3/22/2005 06:27:00 PM|||Joel VandenBrink|||
I don't know if I spelled that word right, but that is what i feel like lately. this past week and a half has been such a....a something. I can't even think of a word to describe it. I sometimes do foolish things to get more in touch with the world around me, one of these things was going to see Hotel Rwanda this weekend. I wasn't prepared for it, well I was, but nobody can be prepared to see that much evil and that much good juxtaposed to each other. It was gut wrenching to watch. At one point I just wanted it to end because I didn't think I could stomach anymore. And yet, 4 days later I'm still motivated by it to fight the fight that I am fighting -- the fight against evil. It seems paralyzing at times though because so much evil and harm is all around -- and yet there is so much goos as well. The main character in the movie, Paul, is a glorious man. I wish I would have met him when he was in Seattle a couple weeks ago. He may not even know about Christ, and yet he lived the life of Christ in a glorious way. And the cool thing is, he didn't do it 'because he was a Christian' and he didn't do it 'because it would glorify God.' He did it because of who he is, and what he believes. This should be the call of all people -- to do good because of who they are -- not because of what they believe. This is the hope I have in my life. I don't ever want to do something because I am a Christian, I want to do things because I am being Joel. I am being who God created me to be. God doesn't care about beliefs, he cares about people, he cares about his creation. The only time God cares about beliefs is when they affect how a person treats his creation. How beautifully inverted is that!
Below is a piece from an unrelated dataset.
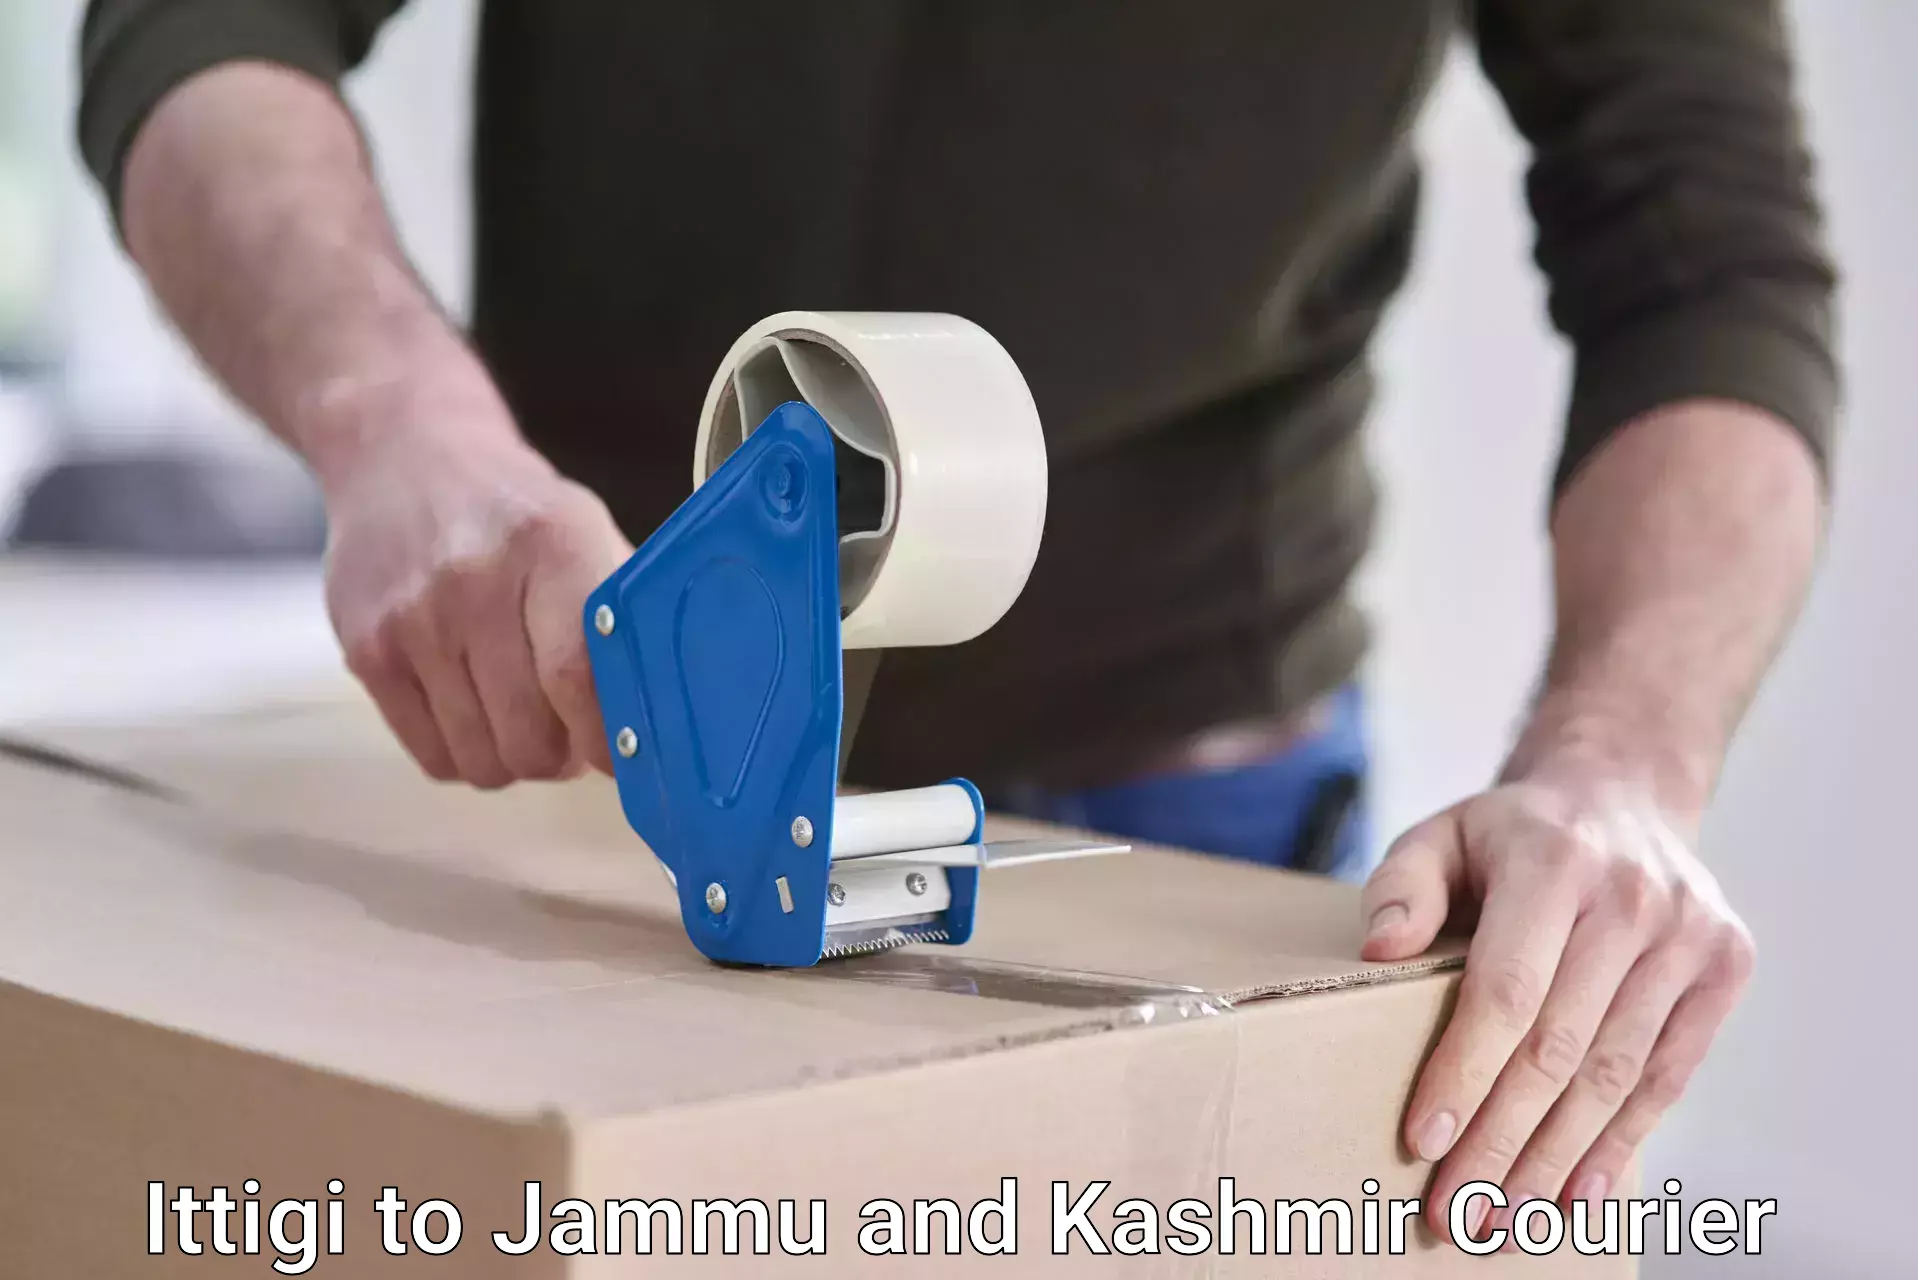 Full-service courier options Ittigi to Jammu and Kashmir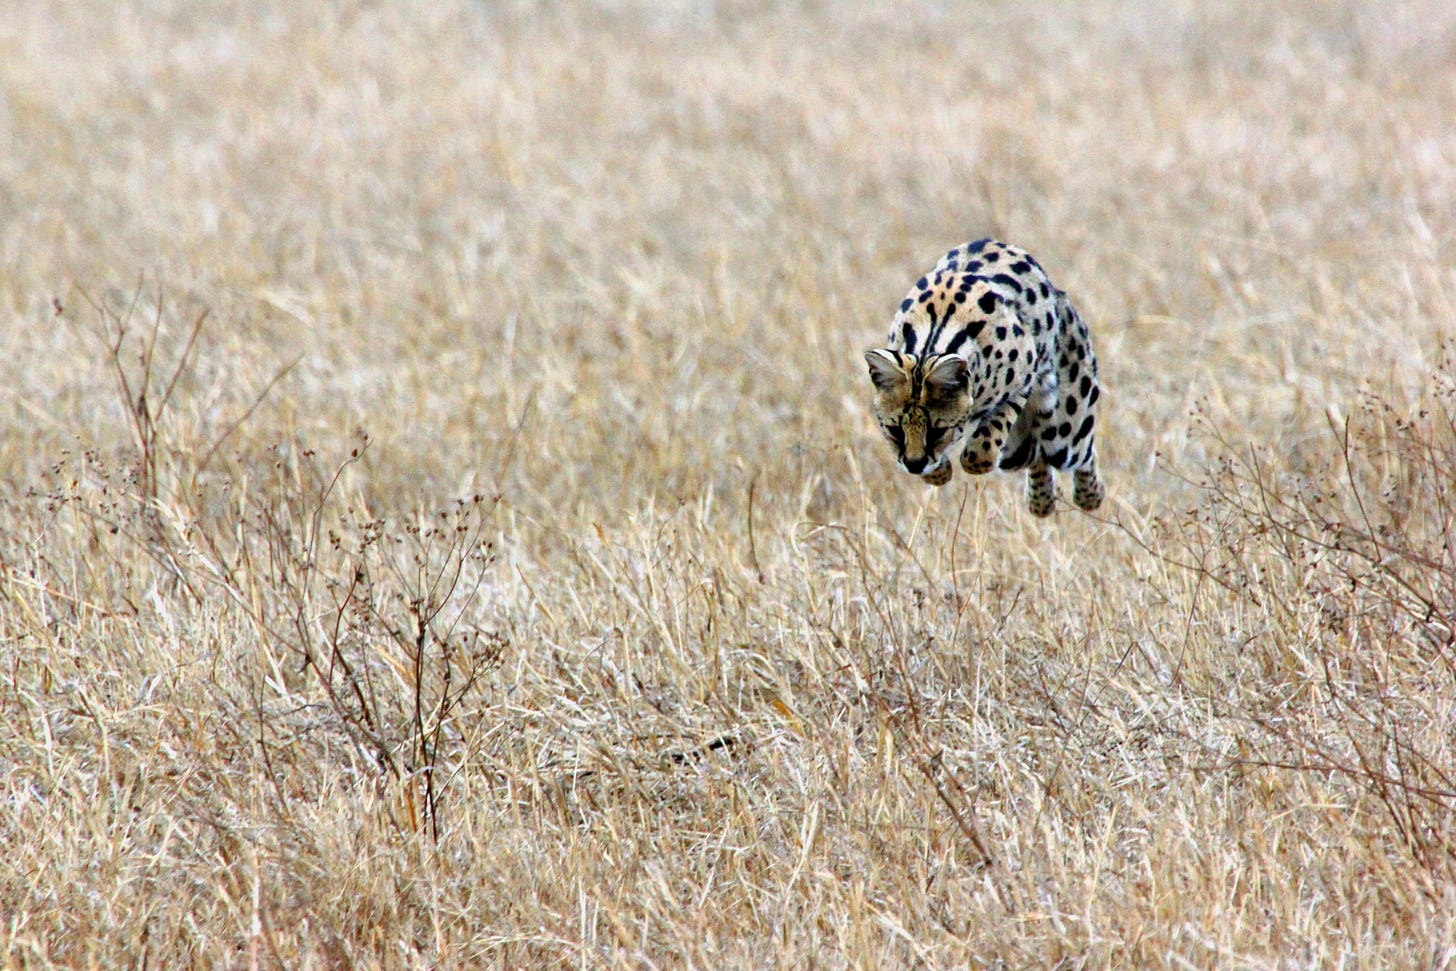 Jaguar pouncing on unseen prey in a yellow grassland.

alright, well I'm signing off til monday. I will be spending the next couple days camping and relaxing at a bed and Breakfast with my wife. I can't wait to have conversations around the fireplace about how chemistry and theology collide, and how God is bigger than either of us think he is, and how smoke stings out eyes, and how we fail each other in marriage, and how we 'succeed' in marriage....well you get the point. I can't wait.